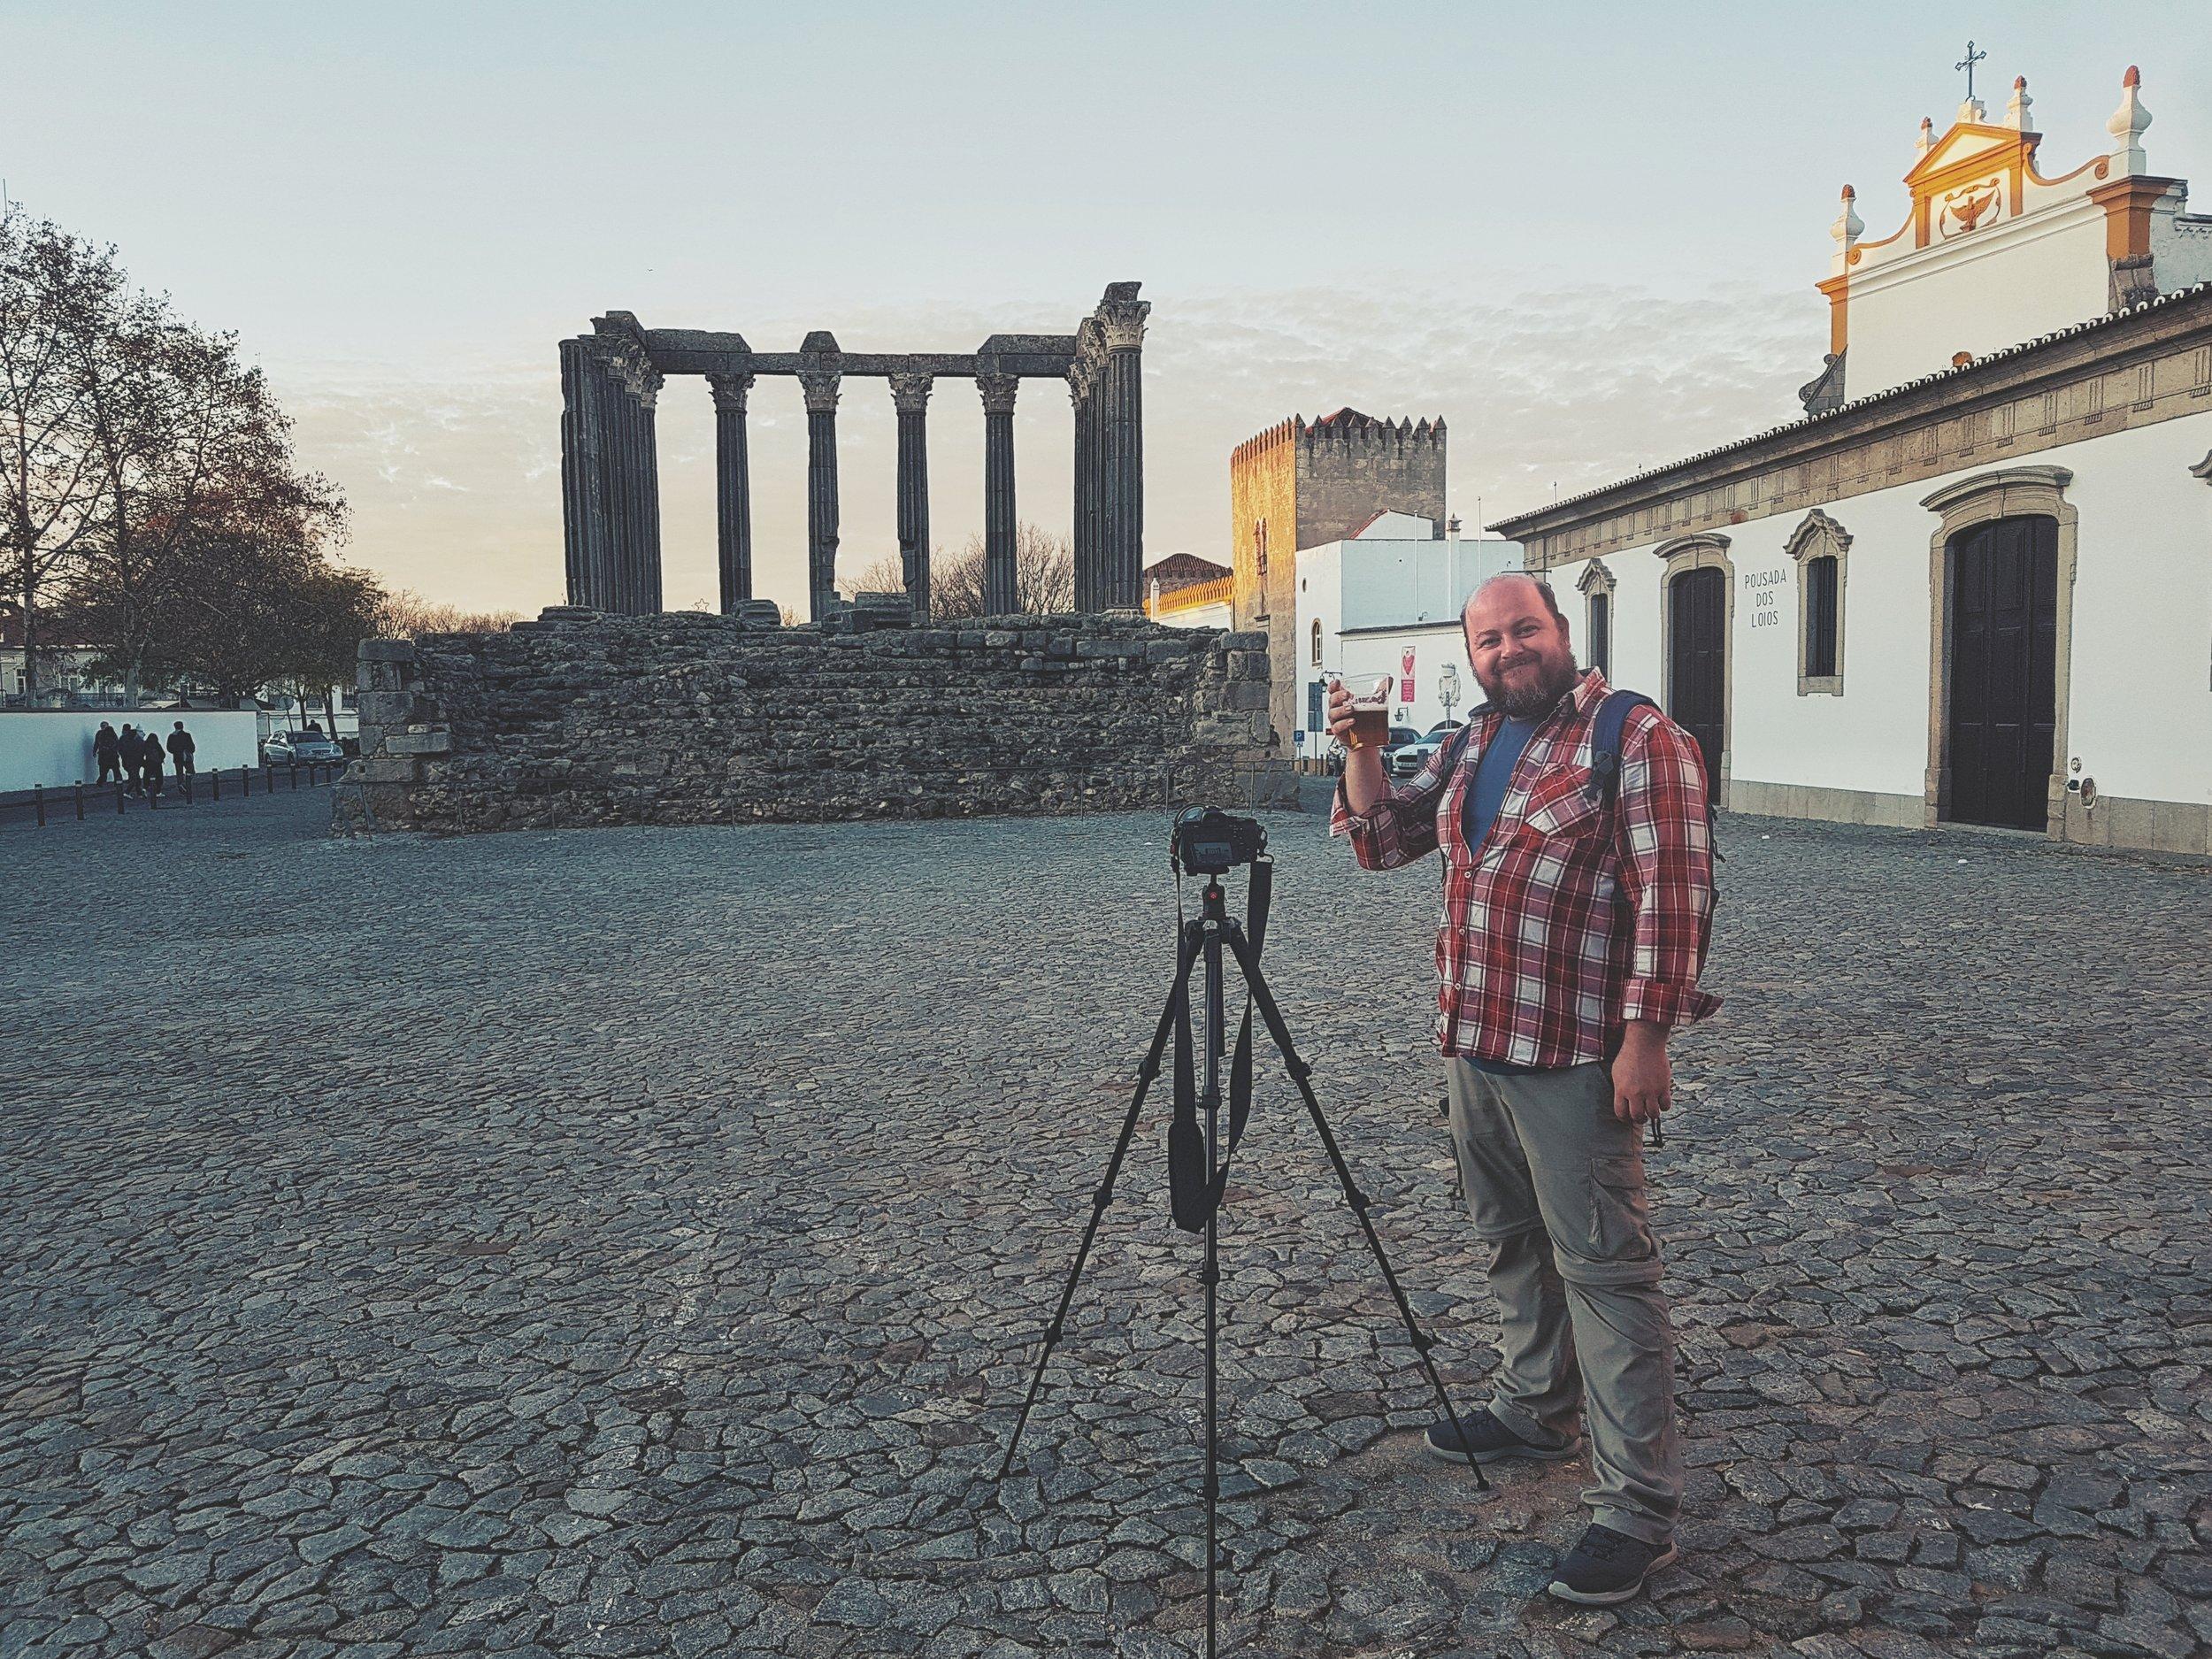 Evora. Roman Ruins. Portugal. Alentejo. Piliers. Roman city. ancient roman town. Blue sky. travel. adventure. history. historical. wine. architecture..jpg
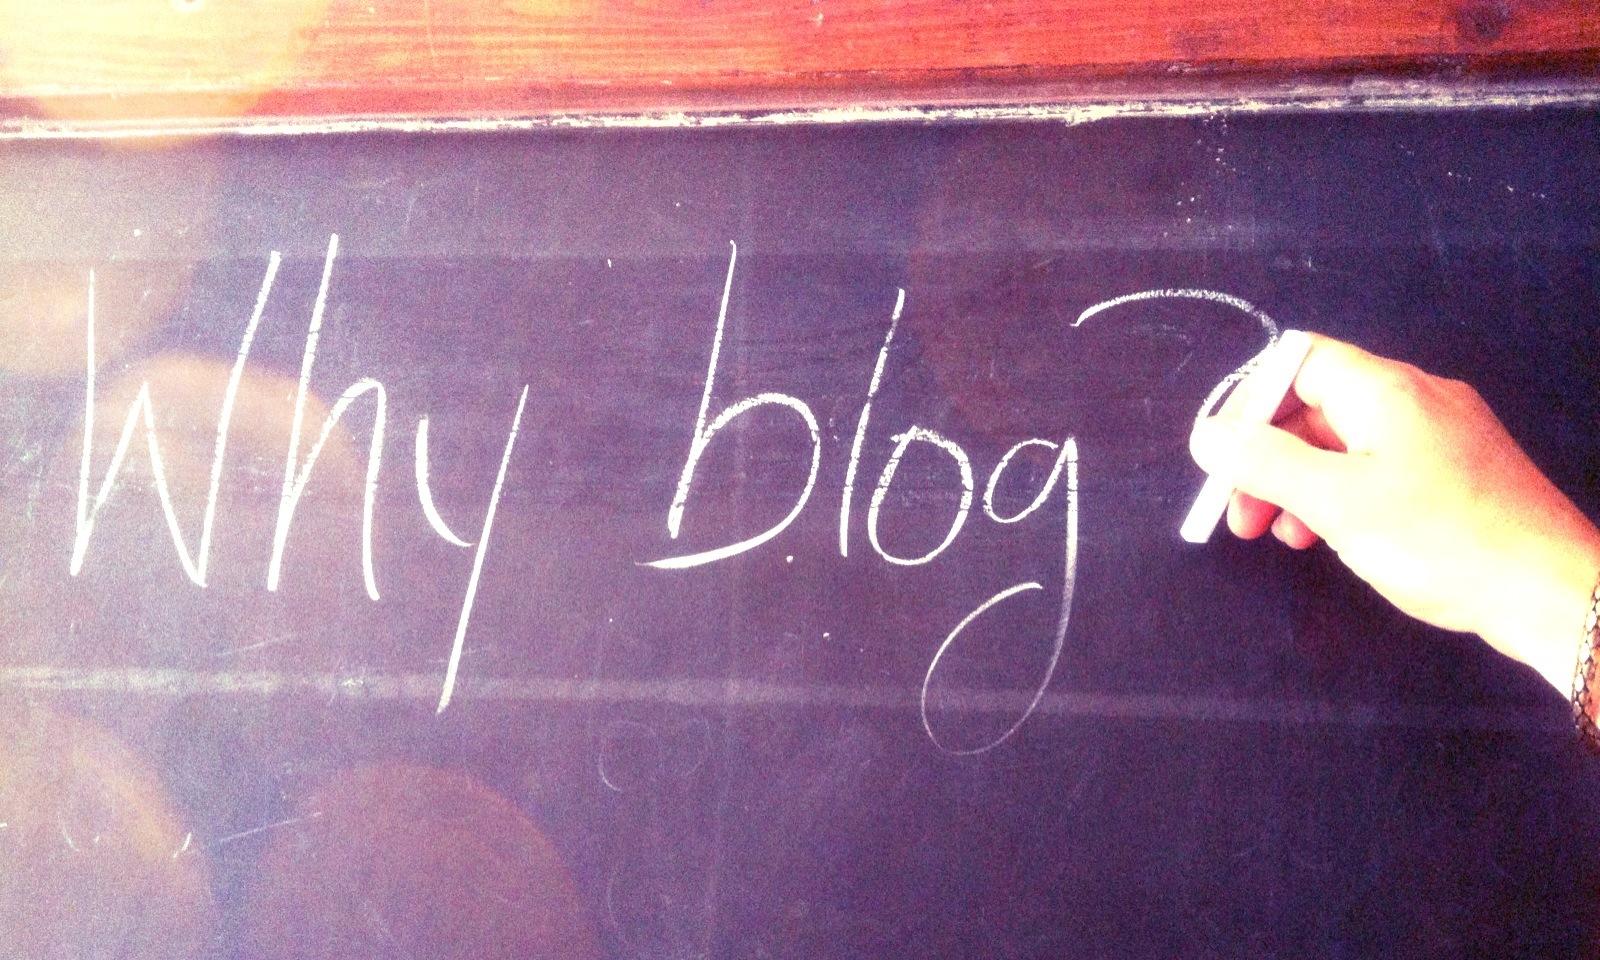 http://www.lastwordonnothing.com/wp-content/uploads/2012/05/WhyBlogAschwanden.jpg
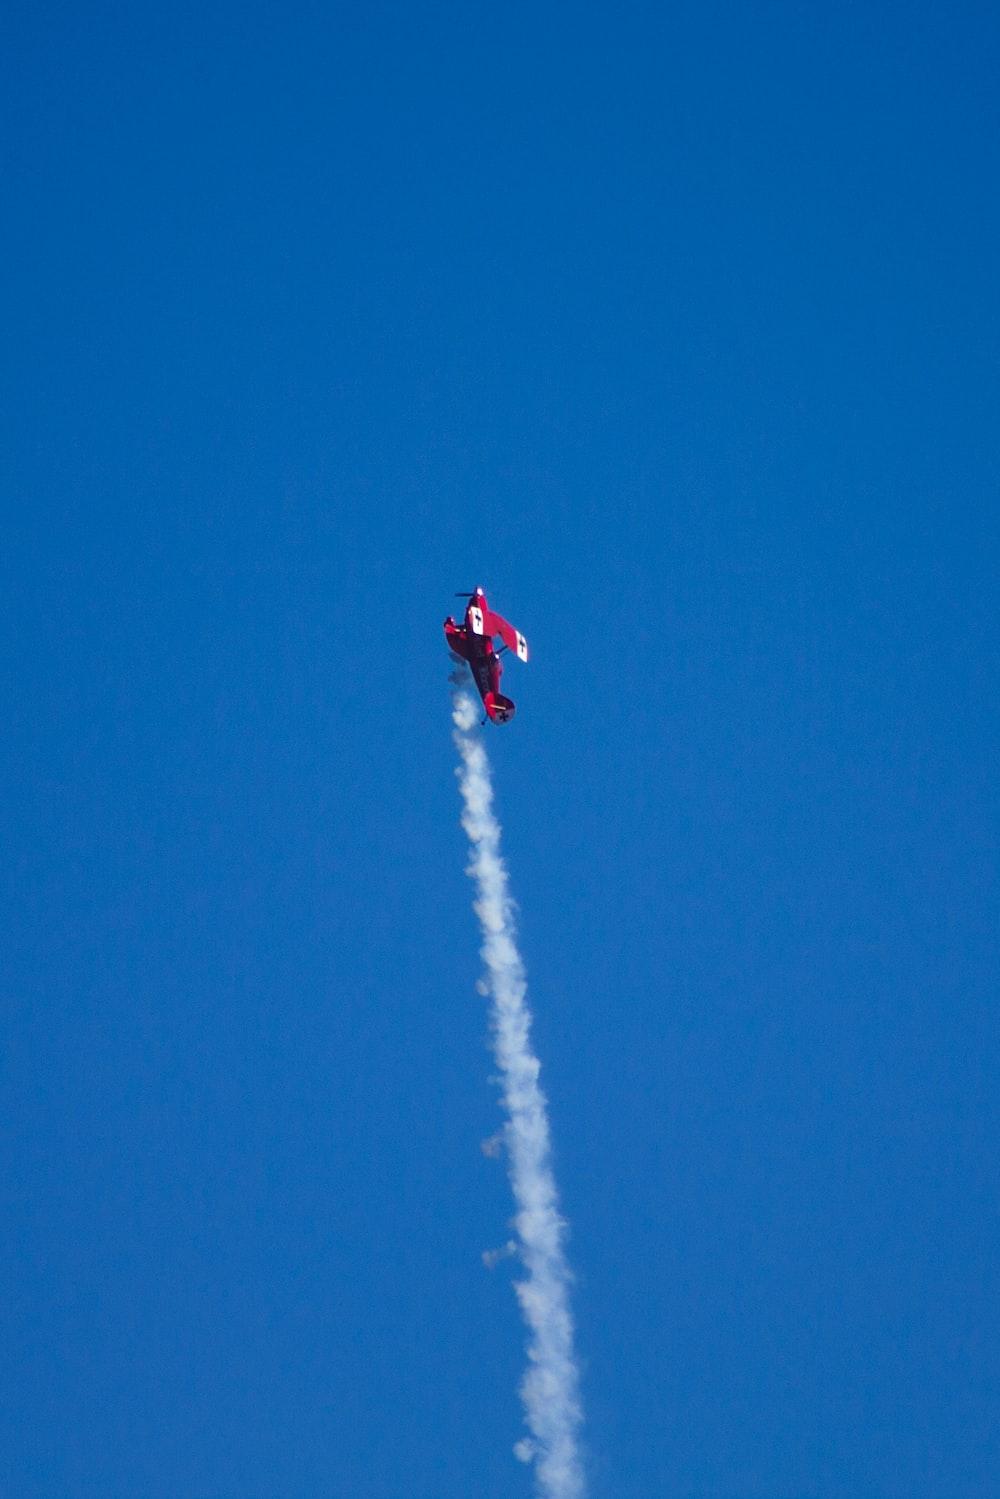 plane flying during daytime
● ● ● ● ● ● ●
## Task statement
Retype the whole listing above exactly as written. Skip the pictures.

## Response below
 Evora. Roman Ruins. Portugal. Alentejo. Piliers. Roman city. ancient roman town. Blue sky. travel. adventure. history. historical. wine. architecture..jpg
 http://www.lastwordonnothing.com/wp-content/uploads/2012/05/WhyBlogAschwanden.jpg
 plane flying during daytime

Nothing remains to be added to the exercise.